The task for the listing below is to write out exactly the lines starting at the one containing "Sukritta Property Agency's" and ending at the one containing "drive à Auch", both included. Pictures are to be omitted.

Study material START

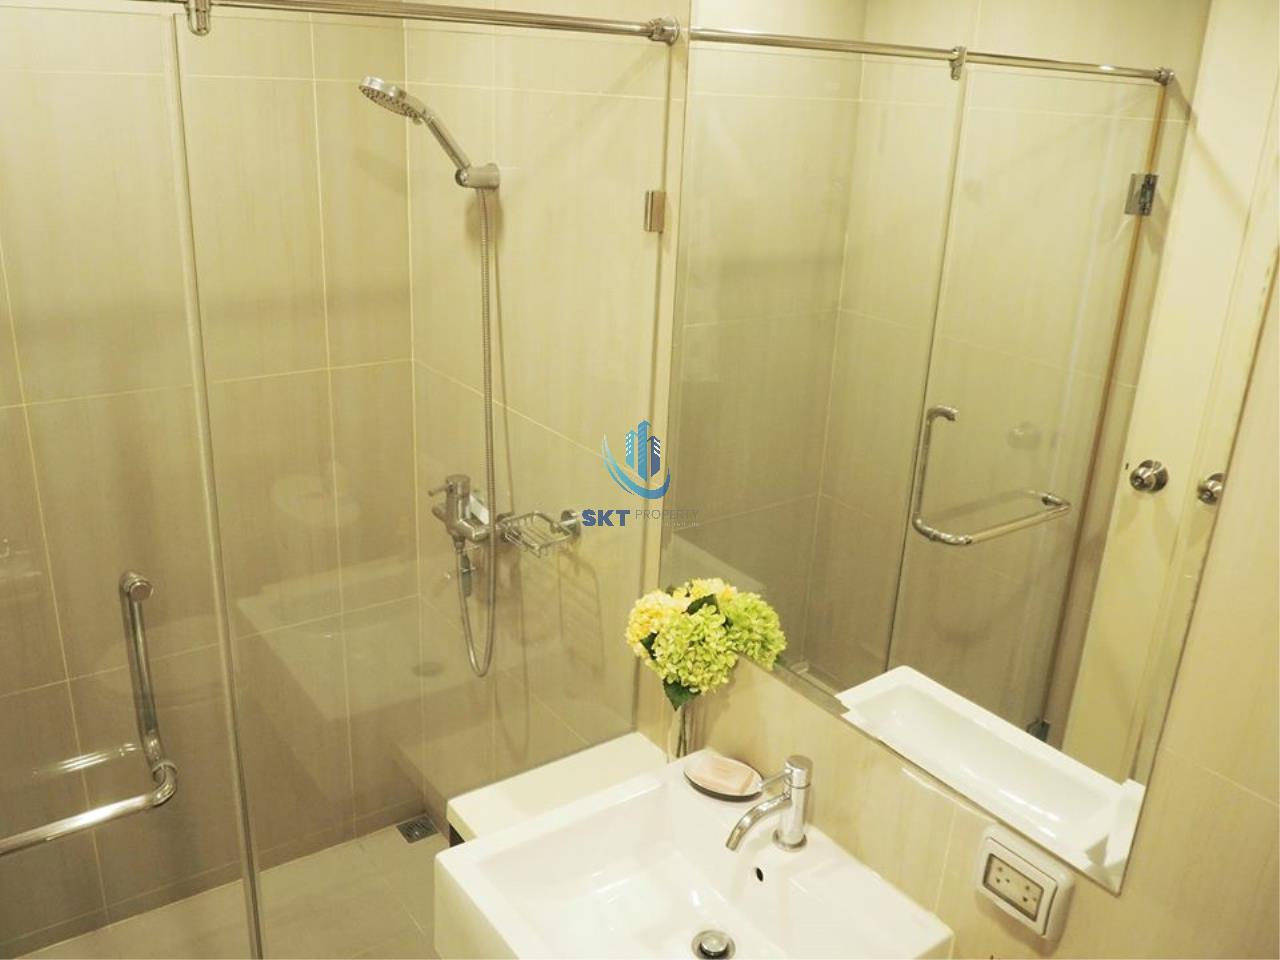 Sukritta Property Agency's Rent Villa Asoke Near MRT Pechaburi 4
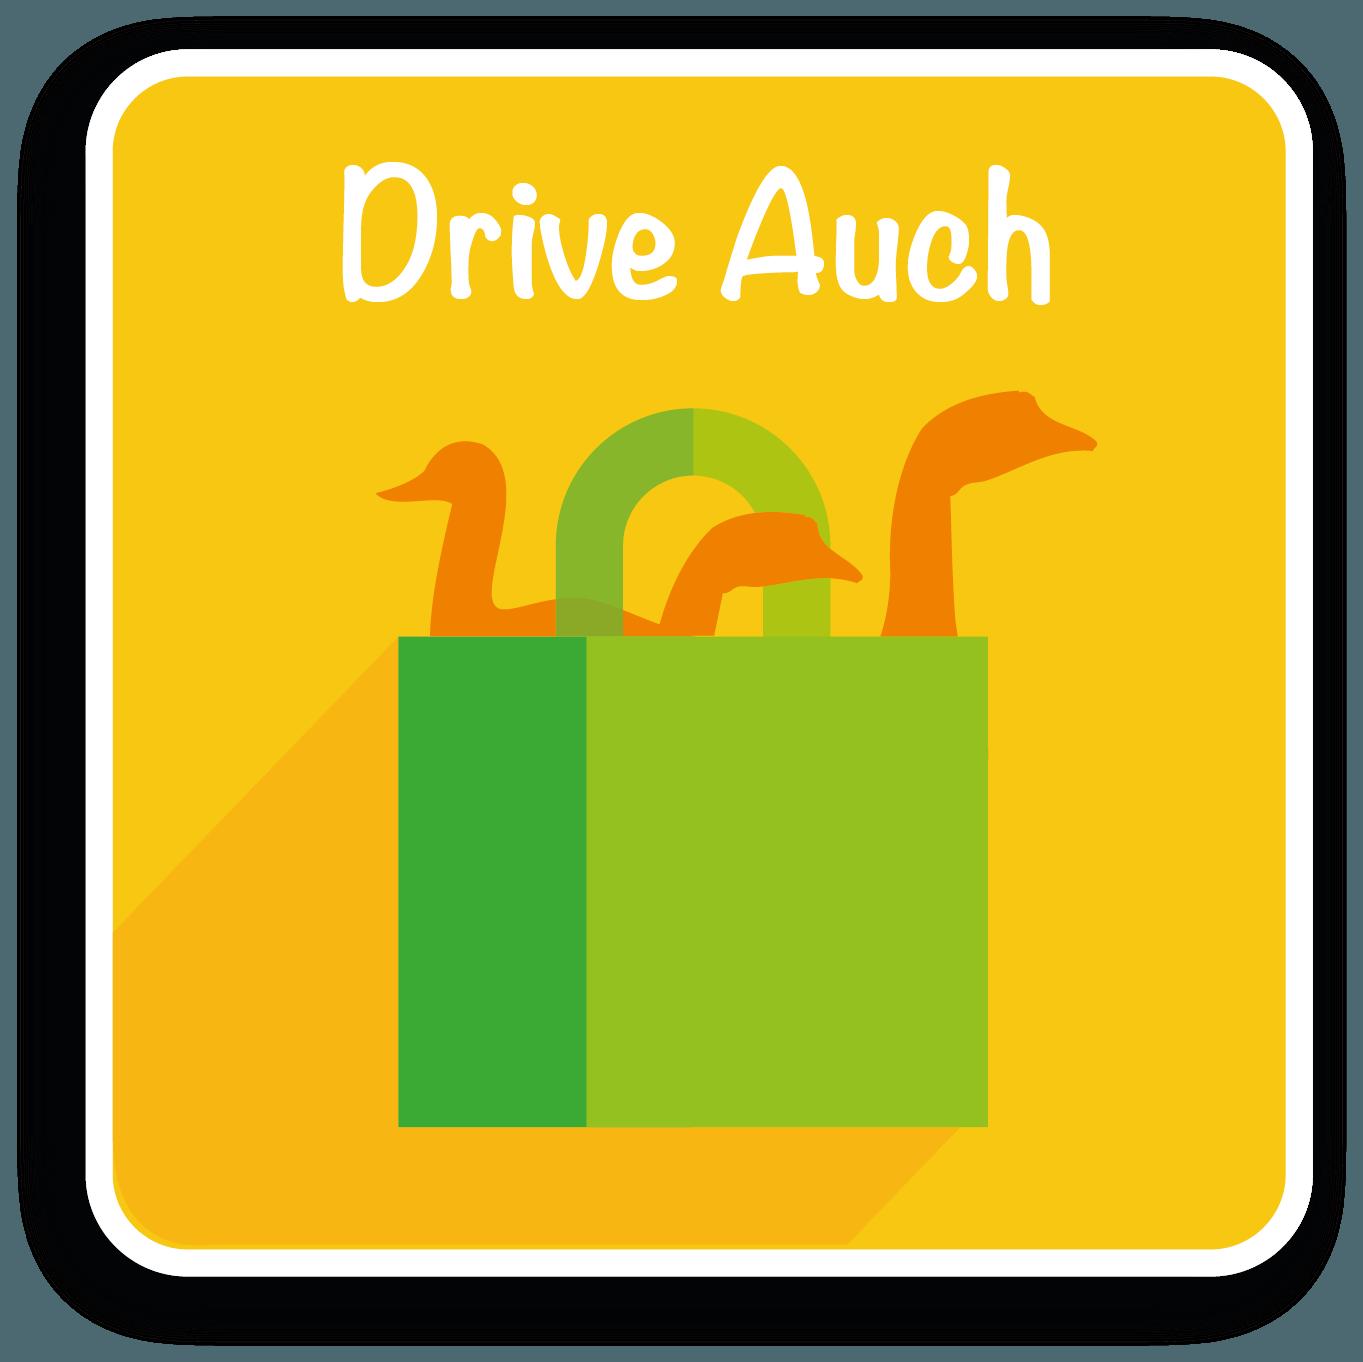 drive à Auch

Study material END
Study material START

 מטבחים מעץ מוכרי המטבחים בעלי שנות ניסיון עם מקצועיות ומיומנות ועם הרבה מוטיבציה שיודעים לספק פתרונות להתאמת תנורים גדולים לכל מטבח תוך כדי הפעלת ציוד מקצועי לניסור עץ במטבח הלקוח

Study material END

Response to the exercise.
 Sukritta Property Agency's Rent Villa Asoke Near MRT Pechaburi 4
 drive à Auch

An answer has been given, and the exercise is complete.